West’s ‘wokeness’ helped Russia to redefine a ‘prisoner of conscience’

An article by my Hoover colleague Dr. Paul Gregory in The Hill

By forcing the standards of “wokeness” on a Western institution like Amnesty International, the Kremlin has weakened Russian dissident Aleksei Navalny as he begins his almost three years in a penal colony near Vladimir (190 km from Moscow). Everyone understands he is a political prisoner, isolated from Russian political life. That is the definition of “prisoner of conscience,” which Amnesty International has chosen to withdraw from his name.

Navalny, the major opposition figure to Vladimir Putin, was a public relations challenge for the Kremlin even before his run for Moscow mayor in 2013. Through his Fund for the Battle Against Corruption (FBK), he has exposed the corruption and criminality of the Kremlin leadership.

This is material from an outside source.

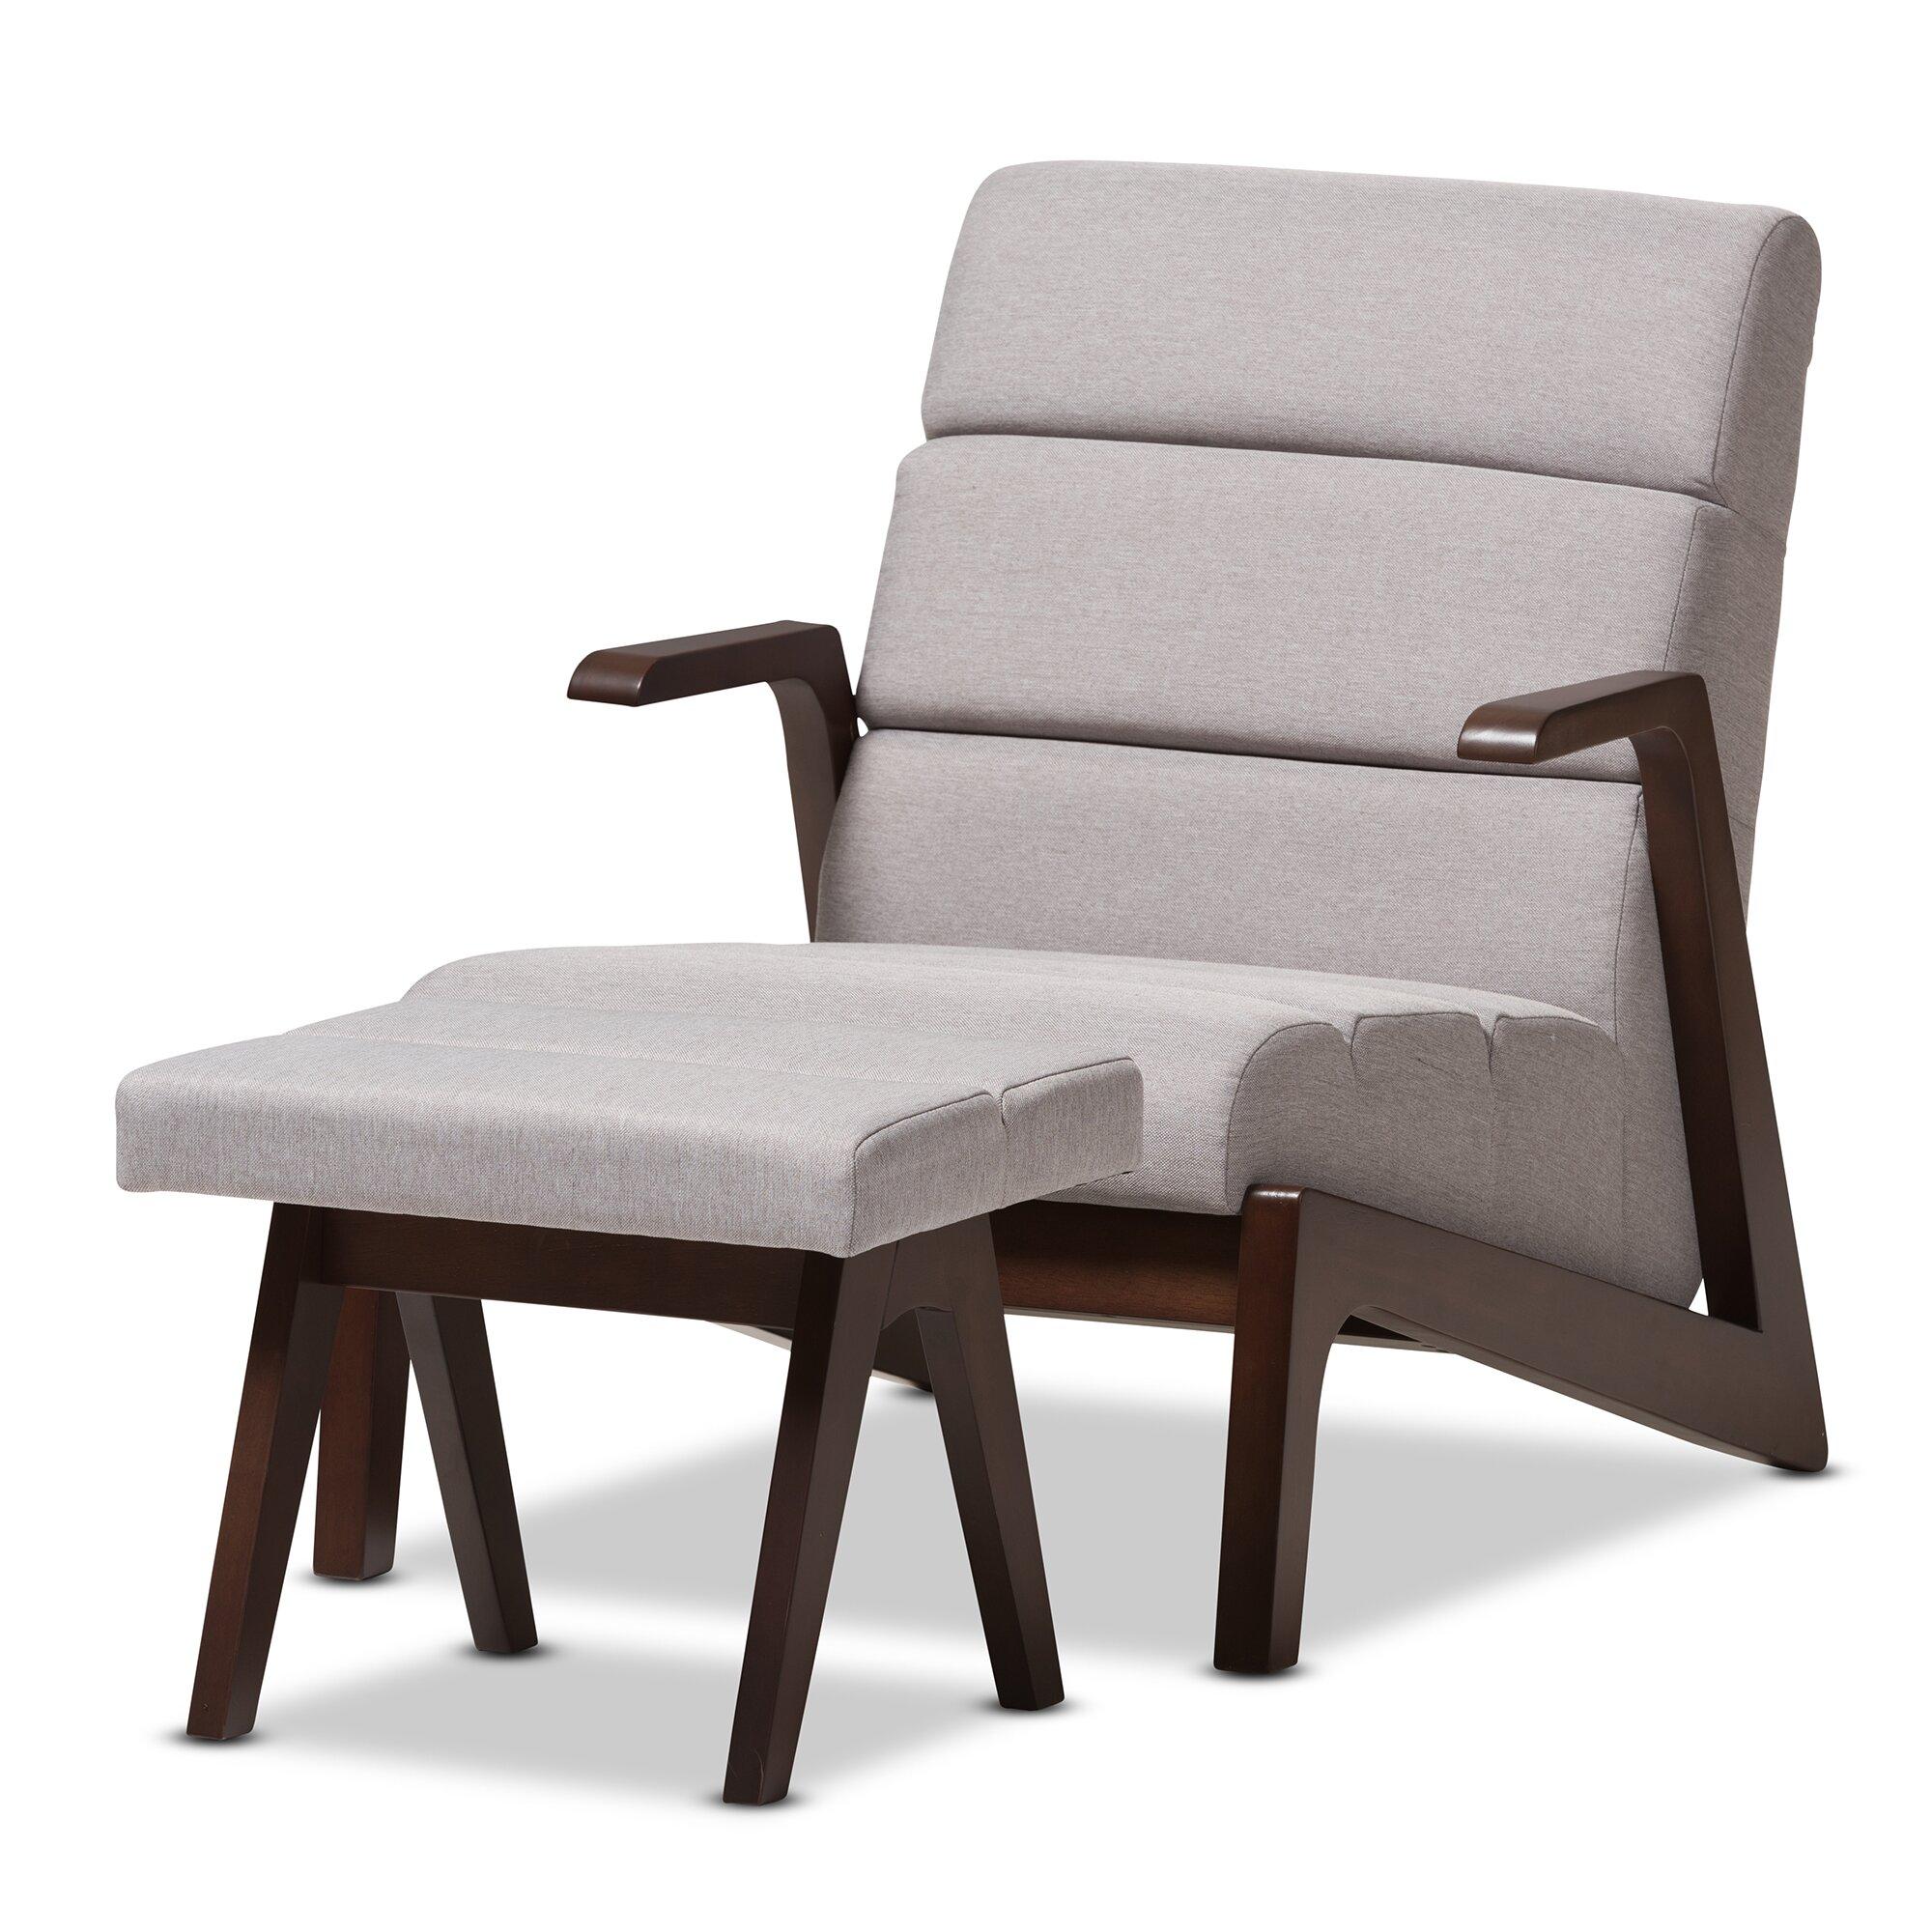 Wholesale interiors lazzaro mid century modern lounge chair and ottoman reviews wayfair - Mid century modern chair and ottoman ...

He barely survived the poisoning carried out, allegedly, by the Kremlin’s Federal Security Service (FSB); he returned to Moscow from treatment in Germany, only to be sentenced by a Russian kangaroo court to two years and eight months in a labor colony. To the Kremlin’s irritation, Navalny has been nominated for the Nobel Peace Prize by Poland’s Lech Walesa. Amnesty International, itself a Nobel prize-winning organization, added Navalny to its list of “Prisoners of Conscience,” whose honor roll includes Nobel laureates Nelson Mandela and Aung San Suu Kyi.

The Kremlin could ill-afford to have a principled political prisoner in its penal colonies, revered Mandela-like by the international community. Therefore, its disinformation machine — masterful at discrediting persons inconvenient to the regime — switched into high gear. For Navalny, a young and attractive family man with teenage children, the usual charge of pedophilia would not have stuck. Instead, the Kremlin played on Amnesty International’s “own scruples,” as one writer put it.

The Kremlin attacked Navalny for “racist” anti-migrant statements he purportedly made a decade or so ago. The attack was handled largely through foreign journalists associated with RT — a Kremlin-directed international news and TV network — in various countries.